Analysis of HSP90 activity affecting the intracellular replication of RSV. (A) The effect of RSV infection on the expression of an RSV chaperone protein was analyzed by Western blotting. (B) A549 cells were transfected with CCR1 plasmid for 30 h, blocked with neutralizing antibodies of different concentrations for 30 min, and then infected with RSV for 24 h. The effects of CCR1 overexpression and anti-CCR1 neutralization antibody on CDC protein levels (representing the activity of HSP90) in A549 cells infected with RSV were detected by Western blotting. (C) Western blot analysis of CDC2 protein levels in A549 cells treated with the HSP90 inhibitor 17-AAG. A549 cells were pretreated with 17-AAG for 30 min and then infected with RSV for 24 h. (D and E) The effect of 17-AAG on RSV intracellular replication was analyzed by fluorescence microscopy (D) and Western blotting (E). (F) After CCR1-overexpressing A549 cells were treated with different concentrations of the CCL5 protein, the CDC2 protein level was detected by Western blotting. (G) The effect of CDC2 knockdown in A549 cells was verified by Western blotting. (H and I) The effect of CDC2 knockdown on RSV replication in A549 cells was analyzed by fluorescence microscopy (H) and Western blotting (I). (Unpaired t test: *, P < 0.05; **, P < 0.01; ***, P < 0.005; ****, P < 0.001).

Activation of CCR1 by CCL5 leads to the preferential recruitment of the adaptor Gαi, which regulates HSP90 activity to affect RSV replication.

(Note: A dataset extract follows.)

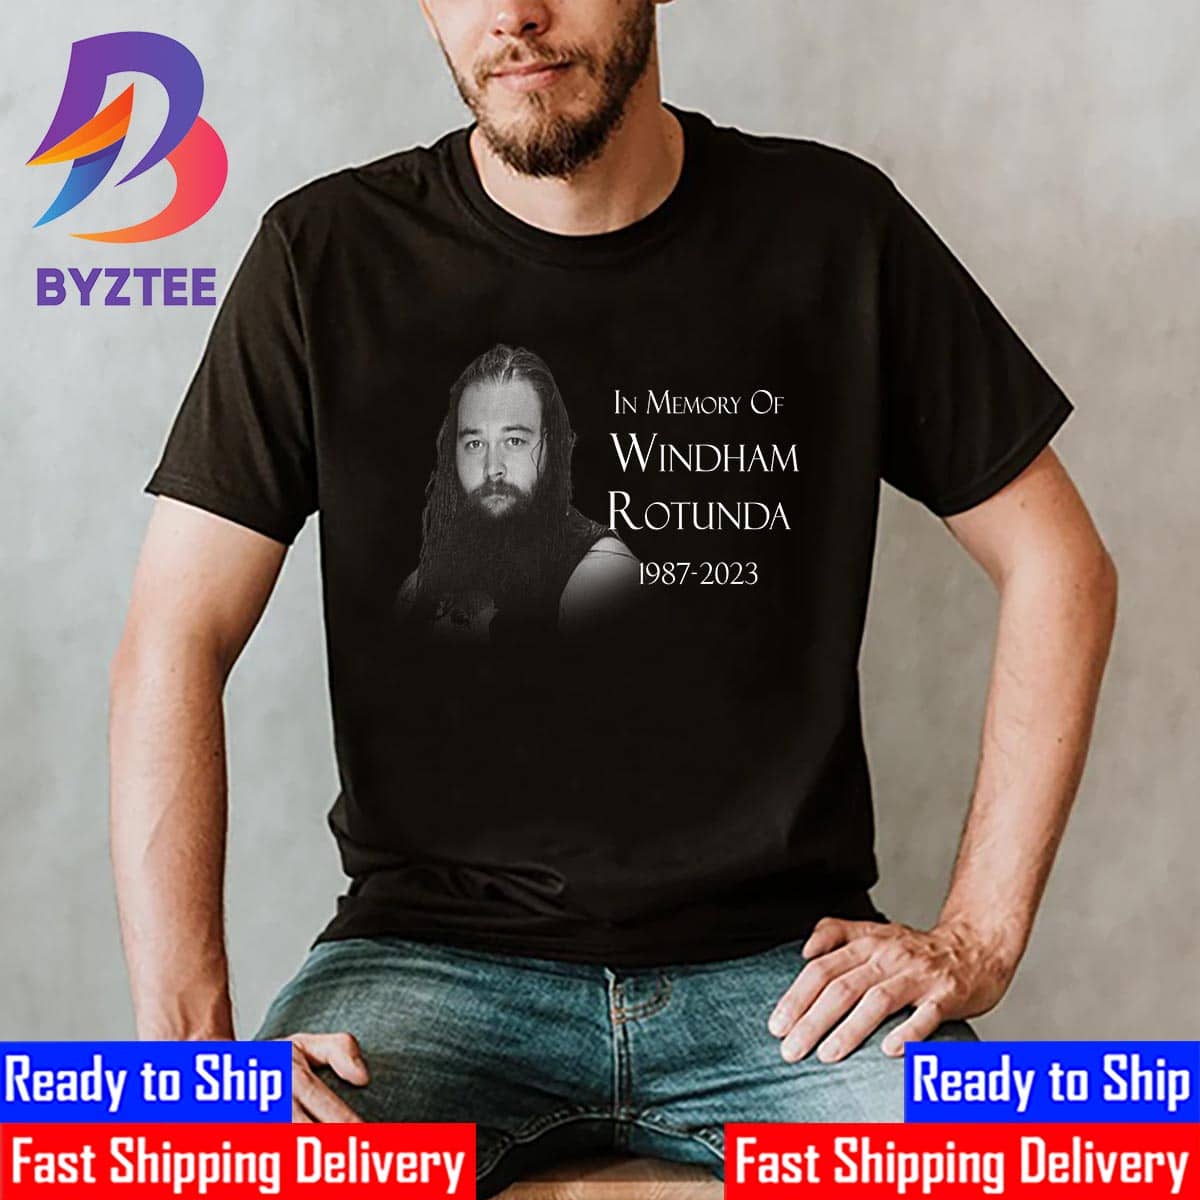 Bray wyatt R.I.P 2023 - Bray Wyatt 2023 - T-Shirt
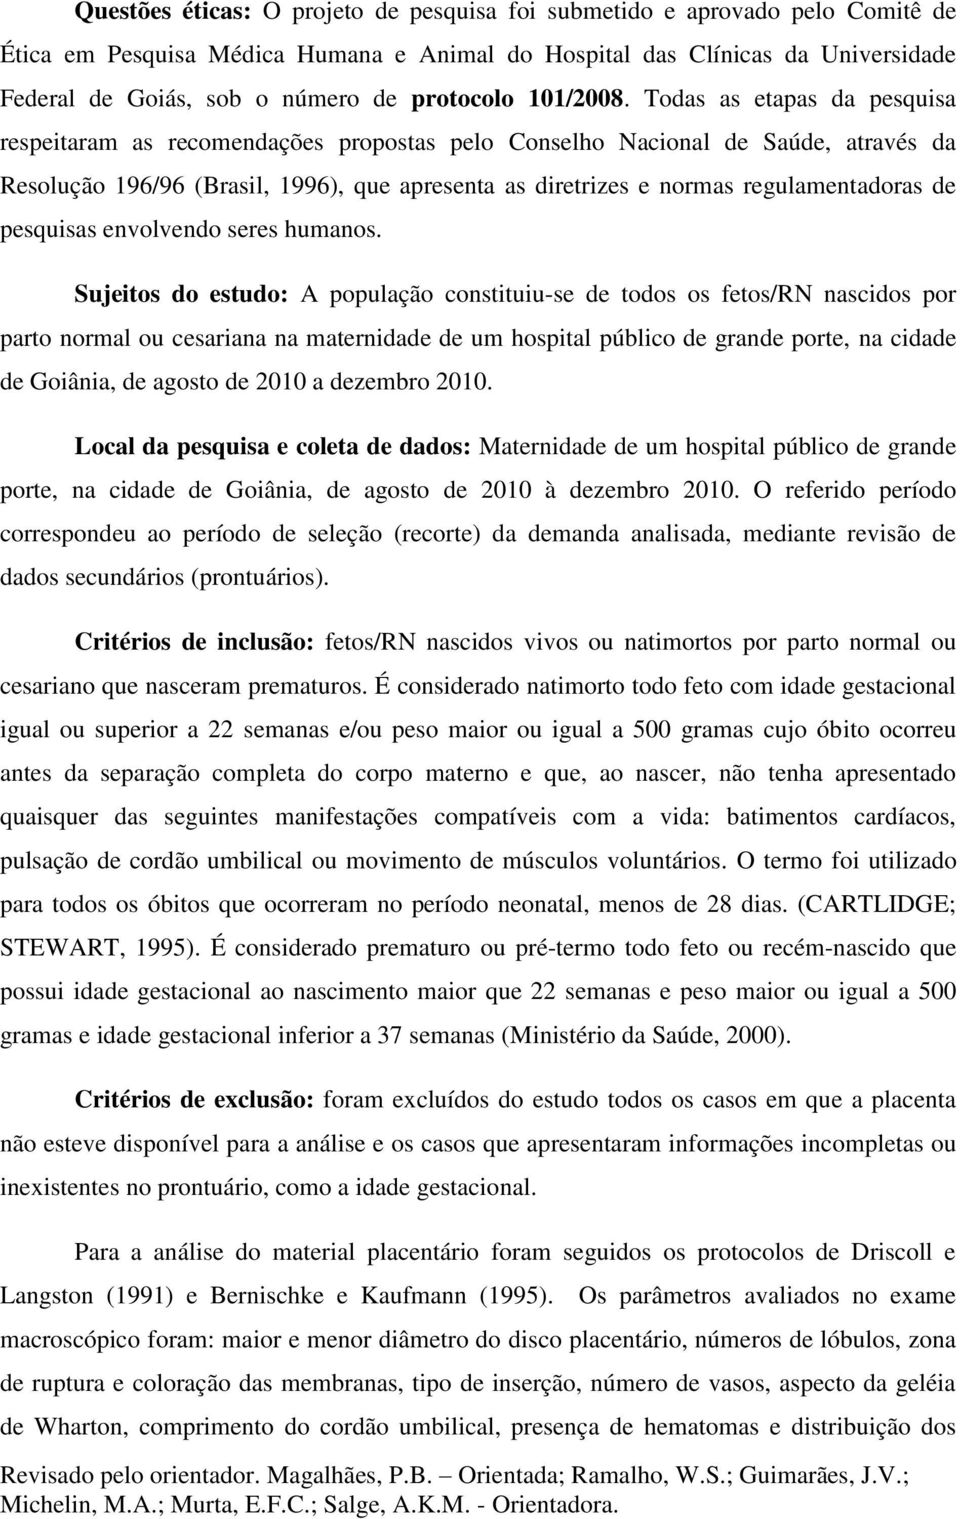 Todas as etapas da pesquisa respeitaram as recomendações propostas pelo Conselho Nacional de Saúde, através da Resolução 196/96 (Brasil, 1996), que apresenta as diretrizes e normas regulamentadoras

To further study the possible molecular mechanism by which CCR1 inhibits HSP90 activity, we needed to understand the process through which the chemokine receptor CCR1 is activated. CCR1 belongs to the seven-transmembrane G protein-coupled receptor (GPCR) family. The activation of GPCRs depends on agonists in the extracellular environment, particularly those that preferentially recognize intracellular effectors to induce signaling farther downstream. The most common effectors in cells are adaptor G proteins or β-arrestin (β-arr) (12). Therefore, in this study, A549 cells were cotransfected with CCR1, Gαi, or β-arrestin 2 recombinant plasmids for 24 h and then stimulated with CCL5 protein. By confocal microscopy, we observed that CCR1 colocalized with the adaptors Gαi and β-arrestin 2 following CCL5 treatment and that colocalization with Gαi is more obvious (see Fig. S1A and B in the supplemental material). However, under the same conditions, we performed coimmunoprecipitation (co-IP) and found that CCR1 derived from transfected A549 cells bound more Gαi and HSP90 and less β-arrestin 2 than the CCR1 derived from CCL5-deficient control cells (Fig. 6A and B), suggesting that CCR1 activated by CCL5 preferentially recruits Gαi and not β-arrestin 2. A549 cells were cotransfected with CCR1 and Gαi plasmids for 24 h and then infected with RSV. CDC2 in the CCR1 and Gαi cotransfection group was significantly lower than that in the Gαi overexpression group alone (Fig. 6C). It was inferred that activated CCR1 may recruit Gαi and inhibit viral replication by affecting CDC2. So to determine whether Gαi is related to CDC2, we then knocked down Gαi. As expected, when Gαi was knocked down, the CDC2 expression level was increased, and we can thus infer that Gαi might be negatively correlated with the CDC2 protein level (which represents HSP90 activity) after RSV stimulation (Fig. 6D); a similar result was obtained after CCL5 protein treatment (Fig. 6E). Interestingly, the ERK phosphorylation level was not related to Gαi but was positively correlated with β-arrestin 2 (Fig. 6C). All of these results indicated that activated CCR1 preferentially recruits Gαi to inhibit RSV replication by regulating HSP90 activation in a mechanism independent of the ERK pathway. Although another adaptor, β-arrestin 2, might promote HSP90 activity by activating ERK kinase, β-arrestin 2 was rarely recruited by CCL5-activated CCR1.

FIG 6.

Gαi negatively regulates HSP90 activity after recruitment and activation. (A to C) After overexpression of CCR1 and Gαi or β-arrestin 2, the interaction between HSP90 and Gαi or β-arrestin 2 in A549 cells treated with CCL5 was detected by co-IP (A and B), or the expression levels of CDC2, p-ERK, and RSV-M2 in A549 cells stimulated with RSV were detected by Western blotting (C). (D and E) Following CCR1 overexpression and Gαi knockdown, A549 cells were infected with RSV, and the expression levels of CDC2, p-ERK, and RSV-M2 were detected by Western blotting (D), or A549 cells were treated with CCL5, and the expression level of CDC2 was detected by Western blotting (E). A549 cells were transfected with CCR1, Gαi, and β-arrestin 2 plasmids or siRNA for 30 h and then stimulated with CCL5 protein or RSV for 24 h. (Unpaired t test: *, P < 0.05; **, P < 0.01; ***, P < 0.005; ****, P < 0.001).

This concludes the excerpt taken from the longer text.